Her şey aydınlık Türkiye için... El ele vermeli, hep birlikte kenetlenmeliyiz. Tıpkı "Van-Erciş" depreminde olduğu gibi. Biliyoruz, henüz yaralar sarılamadı ama herkes elinden geleni yapıyor. Çok çaba harcanıyor. Zorlukların ülkesi Türkiye'de yaşayanlar bir türlü rahat nefes alamıyor. İşte silahlı terör, işte trafik terörü, derdimiz, bitmiyor ki! Bulunduğumuz coğrafyada yangın var. Doğuda siyasetin ateşi yüksek, batıda ekonominin...
Davulun sesi uzaktan kulağa hoş gelir! Yunanistan krizini yönetenleri izlemek şimdi bize böyle geliyor.

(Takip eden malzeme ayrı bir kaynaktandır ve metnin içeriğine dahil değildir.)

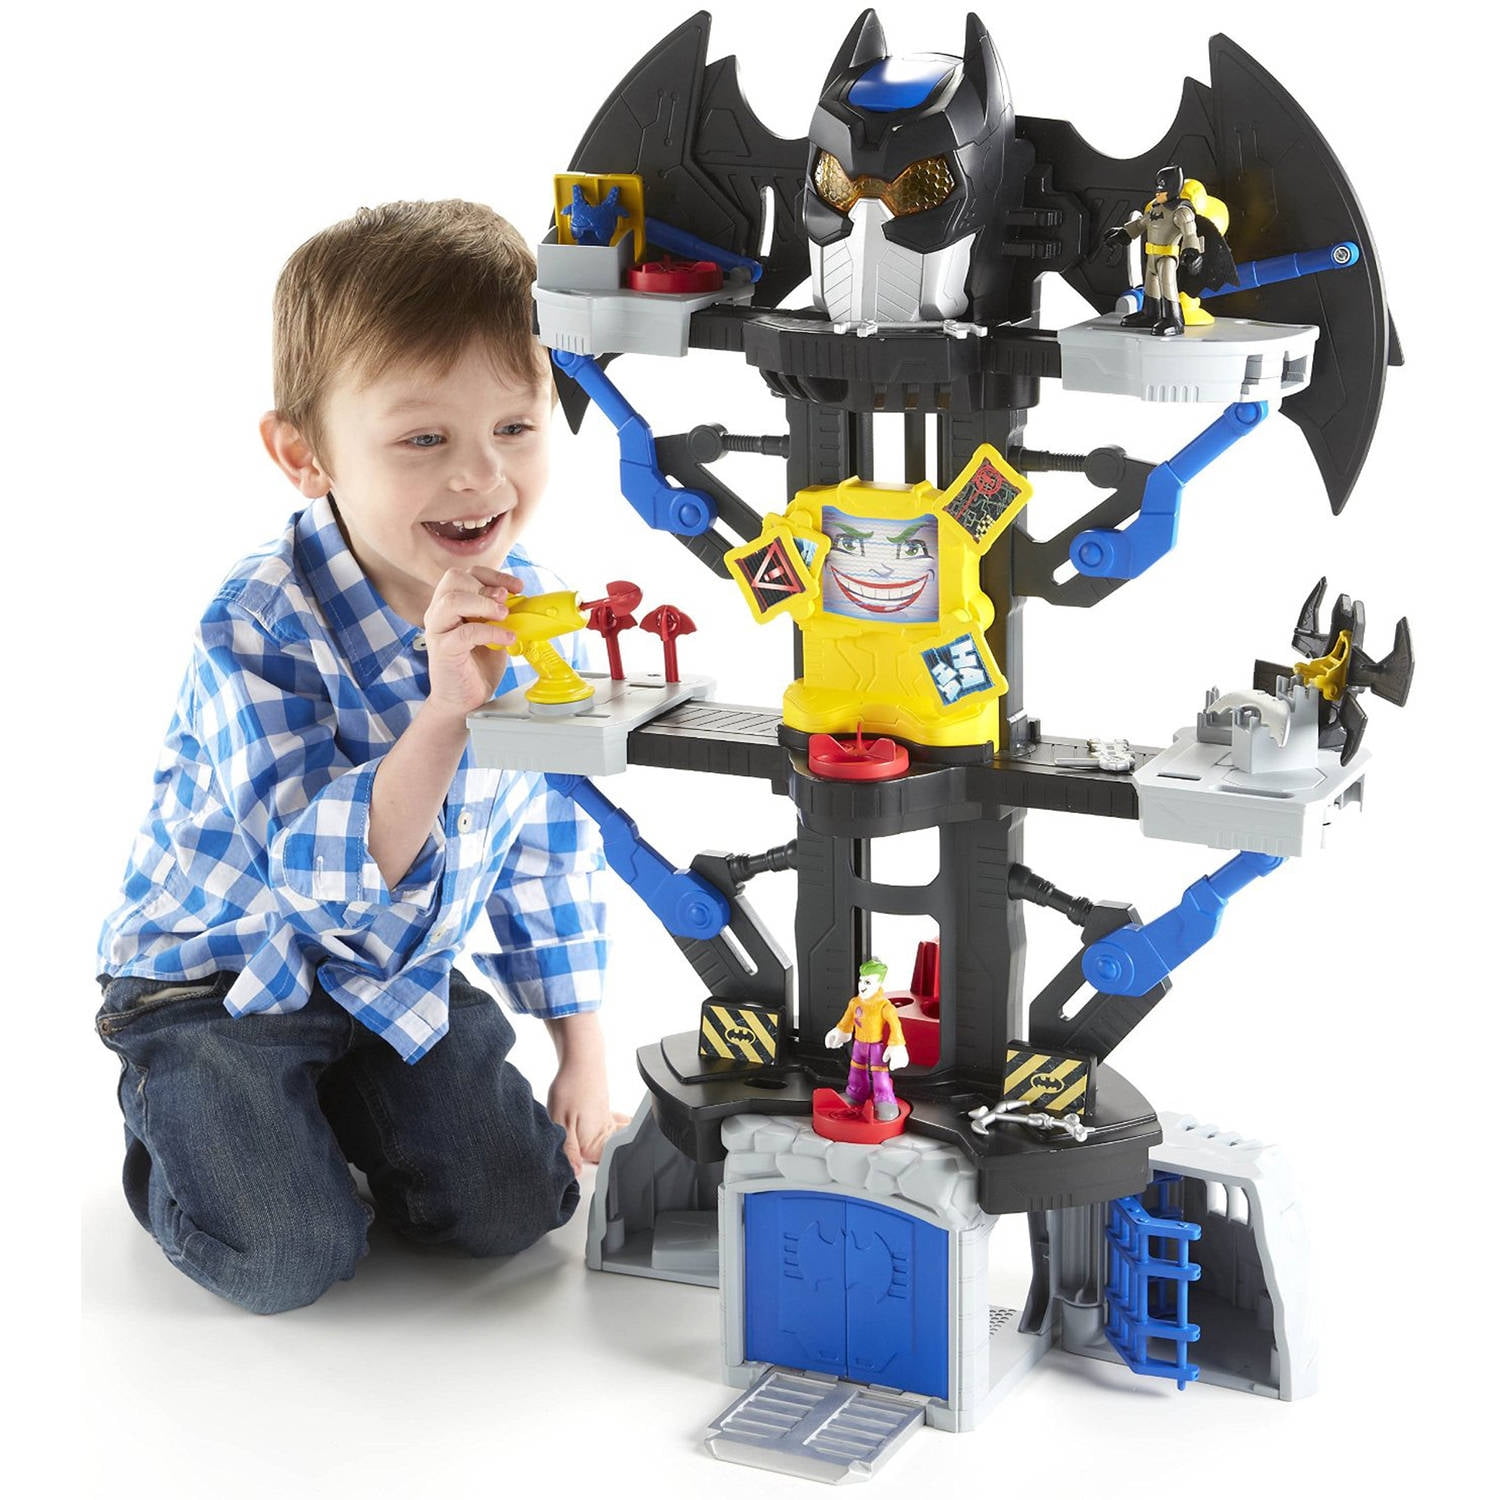 Details about   Fisher Price Imaginext Gotham City Jail Action Playset DC Super Friends LOOSE

Oysa çok değil, 10 yıl önce farklı mıydık sanki? Geçmiş 10 yıl altın yıllarımızdı. Şimdi bu tablo değişiyor. Kaygımızın nedeni bu. Eylülde ihracatın ithalatı karşılama oranı yüzde 50.2'ye düştü. Ürktük...
***
Demek ki bizim ihracatımızı
dört sektör çekiyor, dört çeker gibi.
Demir çelik, otomotiv, konfeksiyon ve
elektronik. Bunların dışında kalan ihracatçı birlikleri acaba ne yapıyor? Anlayan beri gelsin! Türkiye İhracatçılar Meclisi
(TİM) yılsonunda
135 milyar dolar ihracatla rekor kırmaya hazırlanıyor. Asıl rekoru kıran ithalat, gerisi teferruat. Büyük ihtimalle yılı
230 milyar dolar ithalatla kapatacağız. Dünya ticaretinden
yüzde 1.1 pay alan bir ülkeyiz. Nedense pastadaki payımızı bir türlü artıramıyoruz.
Peki, bu nasıl olacak?
Elbette
inovasyon, yüksek teknoloji, araştırma ve geliştirmeyle...
Yerliye dayalı, rekabetçi ve yenilikçi üretim yapmamız şart. Çünkü ihracat yaptığımız sektörlerde
"yerlileşme oranı" düşük. Enerji hariç sanayide yerli üretimin katkı payını artıramazsak yine geçmiş yıllara döneriz. Yani, bu tabloyu tersine çevirmeden rahat nefes almamız mümkün değil. Bunun yolu da
yeni makro ekonomik çerçeve çizmekten geçiyor. İnanın, Orta Vadeli Program bunun karşılığı değil.
***
Başbakan
Erdoğan temkinli. Kontrollü büyümeden yana. Dış ticaret açığına, özellikle de cari açığa önlem alınmasını istiyor. Onun için yerli otomobil diye bastırıyor. Tasarruf istiyor. Ekonomiden sorumlu bakan
Zafer Çağlayan, korumacılıktan yana. Girdi tedarik sistemiyle, ihracat teşvikleri ve burnunu biraz yukarı çevirmiş kurla kapatacağı kadar cari açığı kapatmak derdinde.
Maliye Bakanı
Mehmet Şimşek, riske girmeden, kamu gelirlerini koruyarak, yüksek katma değerli ürünlere yönelmek ve rekabetçi olmak arzusunda. Hem kamuda hem özel sektörde esneklik temel kural.
Burada Başbakan Yardımcısı
Ali Babacan'ın konumu çok önemli.
Eğer makro ekonomik çerçeve değişirse, yaşanacak en büyük güçlük ekonominin değişen yapısına göre konulacak vergiler ama asıl sorun son kararnamelerle bankalar ve sermaye piyasasını kaybeden
Hazine Müsteşarlığı'nda. Yeni ekonomik çerçeveye uyumu başlı başına bir problem.